Dark truths about money

August 07, 2014 12:25 am | Updated November 27, 2021 06:56 pm IST

Estimates, by their very nature, are approximations and cannot claim any substantial level of accuracy. When it comes to the parallel or black economy, it is extremely difficult to provide even an estimate that is reliable — which is not surprising considering that cash transactions do not always leave a trail. There are several estimates of the black economy and the amount of unaccounted money stashed abroad. While many of them are believable, from a policy-making perspective it is important that the process and methodology of estimation are robust and credible. Therefore, when an agency such as the National Institute of Public Finance and Policy comes up with a report that pins the size of the parallel economy at 75 per cent of the GDP, we need to take serious notice. Bringing even a part of this into the system can work wonders for public finances. The NIPFP study has identified four major founts of black money. Three of them — property transactions, mining business and private education — choose themselves straightaway; the first two have traditionally been the base of the parallel economy, while the third is a recent addition after private university education took off. It is the fourth one — diversion from government subsidy schemes — which is the surprise package in the NIPFP report.

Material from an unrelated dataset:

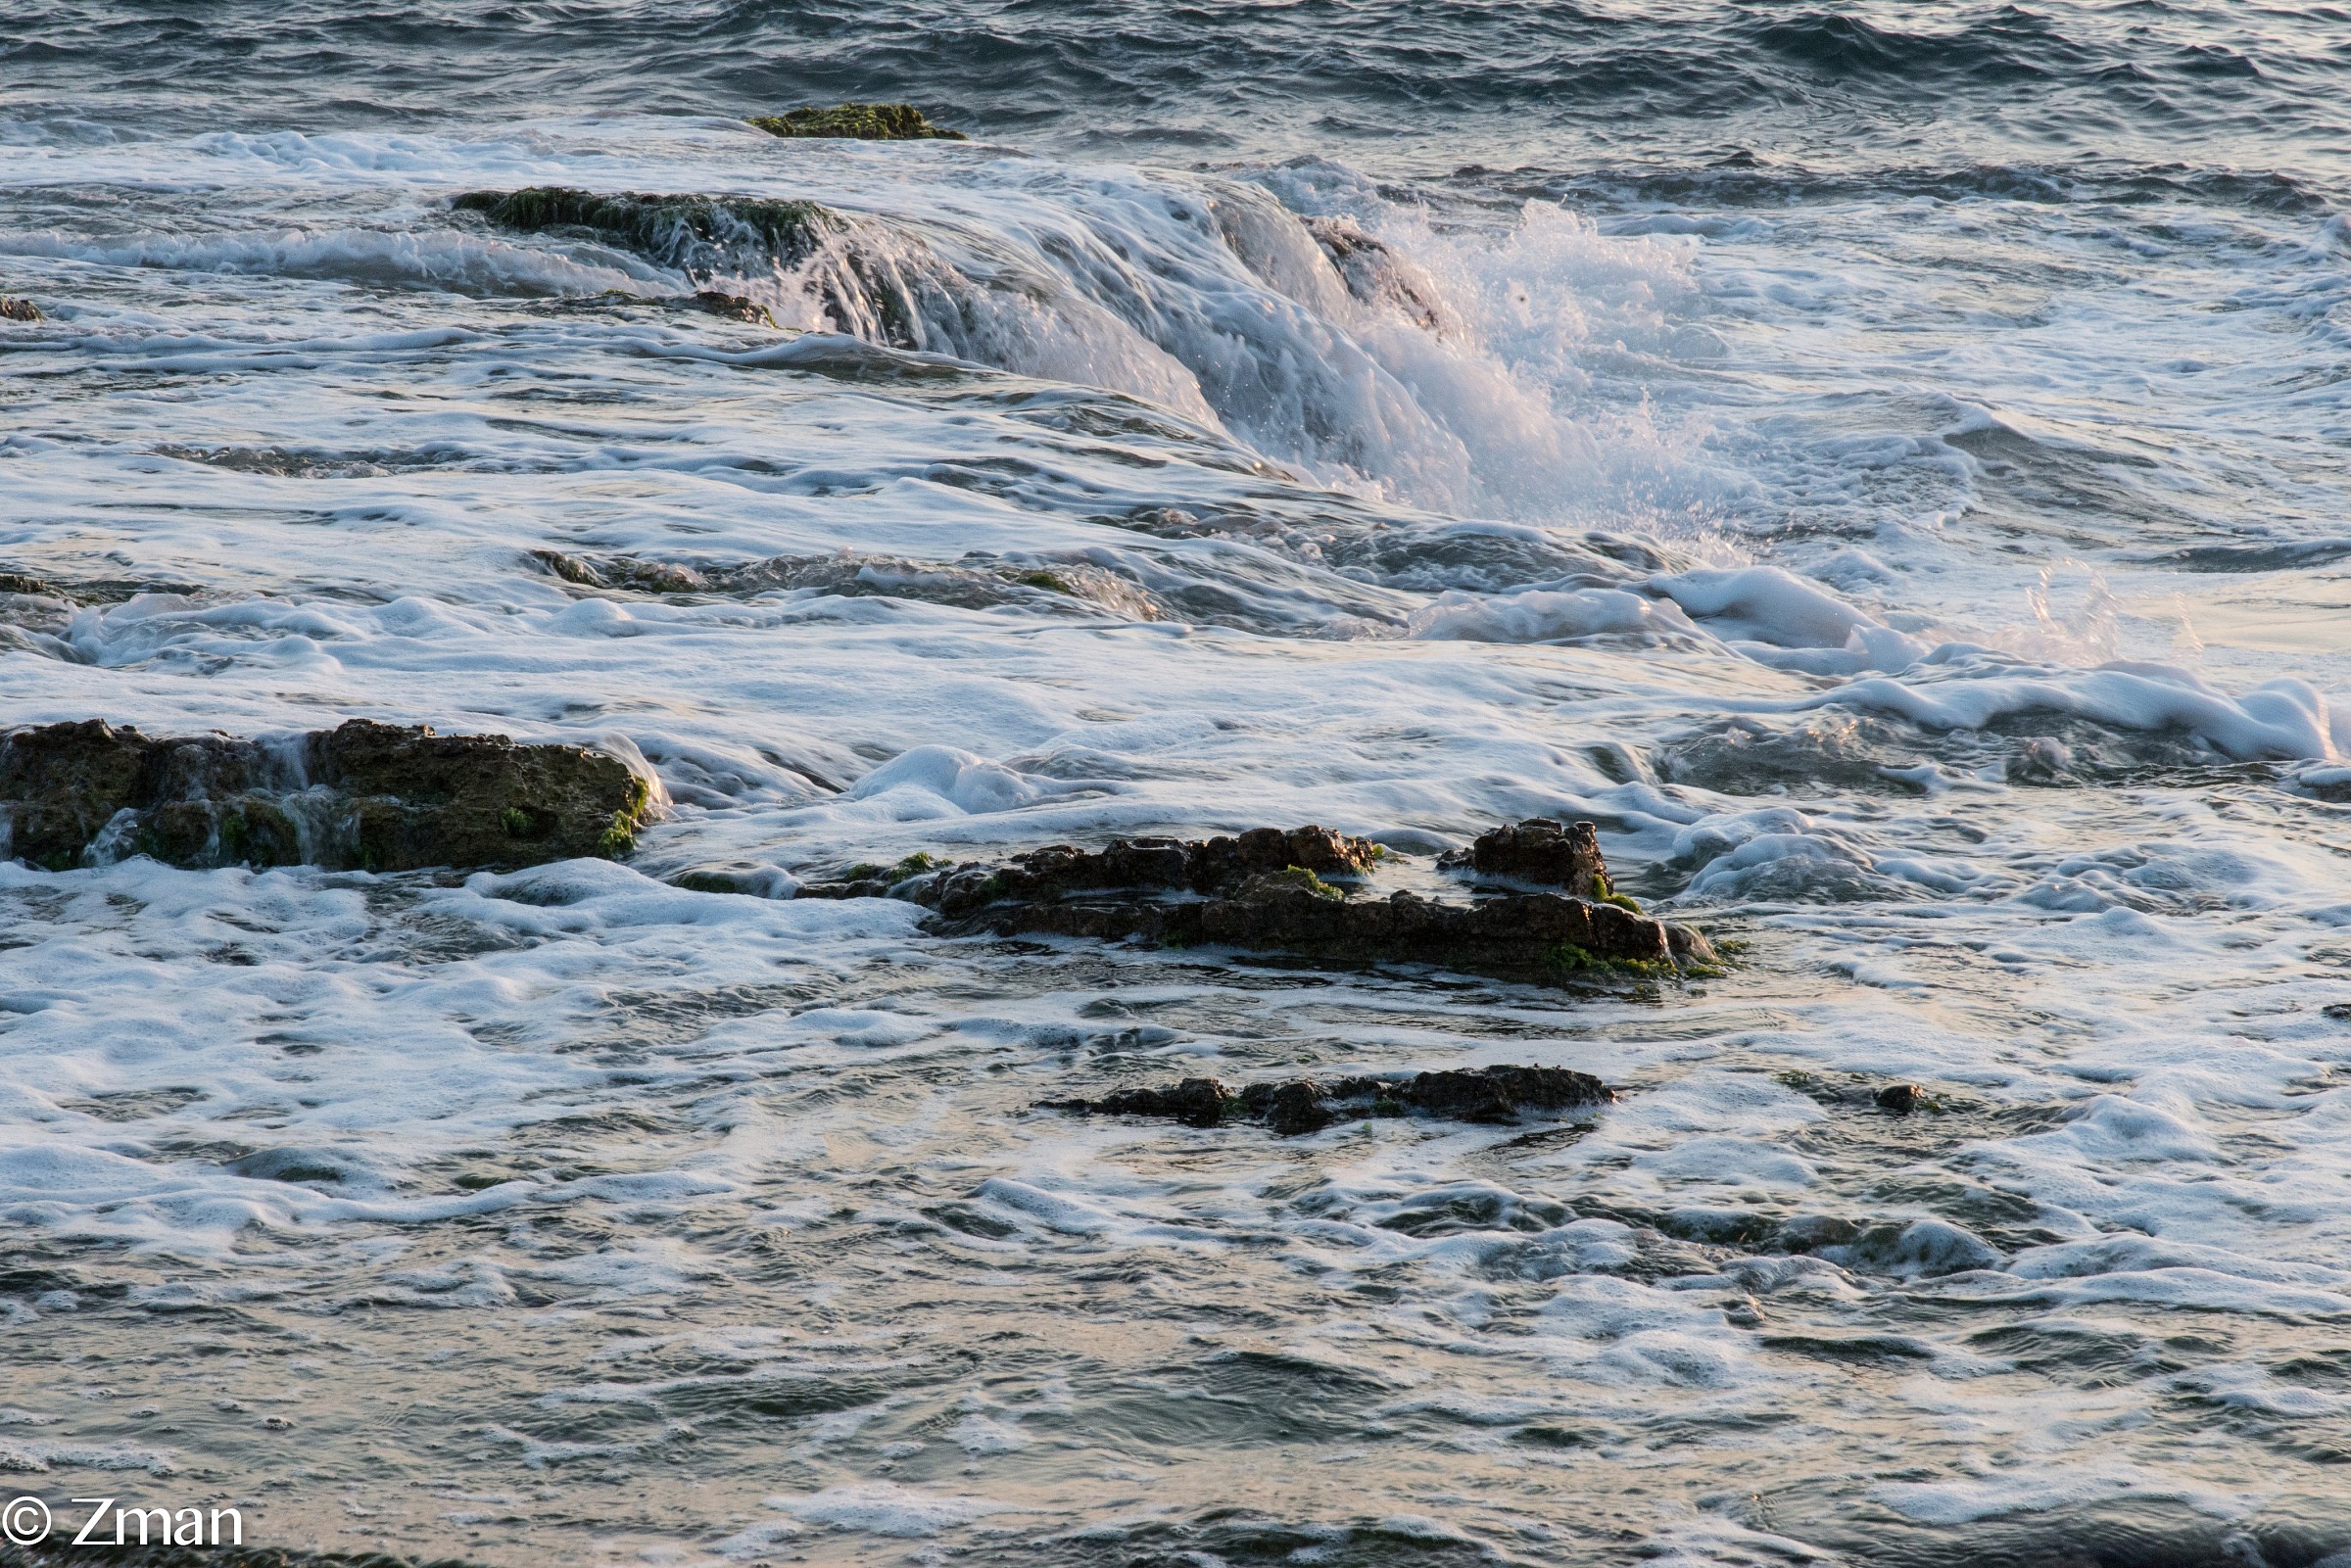 The Alrawshe shore line. Waves breaking on the Rocks...

Diversion of subsidised kerosene to the open market is estimated to have generated as much as Rs.11,910 crore, which is half the kerosene subsidy provided last year. It is highly probable that there are similar leakages with other subsidies and social welfare schemes. The biggest source, though, remains real estate transactions, the unaccounted money from which is estimated to be as big as the Plan expenditure of the government. Though under-reporting has decreased after steps such as making income tax PAN mandatory for property deals, the fact is that cash transactions still reign supreme. The only way to plug this is by revising guideline values at frequent, regular intervals to reflect market prices. Guideline values are considerably lower than prevailing market prices, which encourages registrations at lower prices. The mining industry generates cash through under-invoicing of sales, under-reporting output, and inflating expenses. Checking this should not be difficult, but what is required is the will to do so. Taking a larger view, the government needs to review its taxation policies and tighten systems and processes. If the infrequent updating of guideline values and leakage of subsidies are failures of processes, the malpractices in the mining sector constitute a failure of governance. At some stage in the future, the government, through reform of its tax regime, will also have to encourage people and businesses to report their incomes truthfully.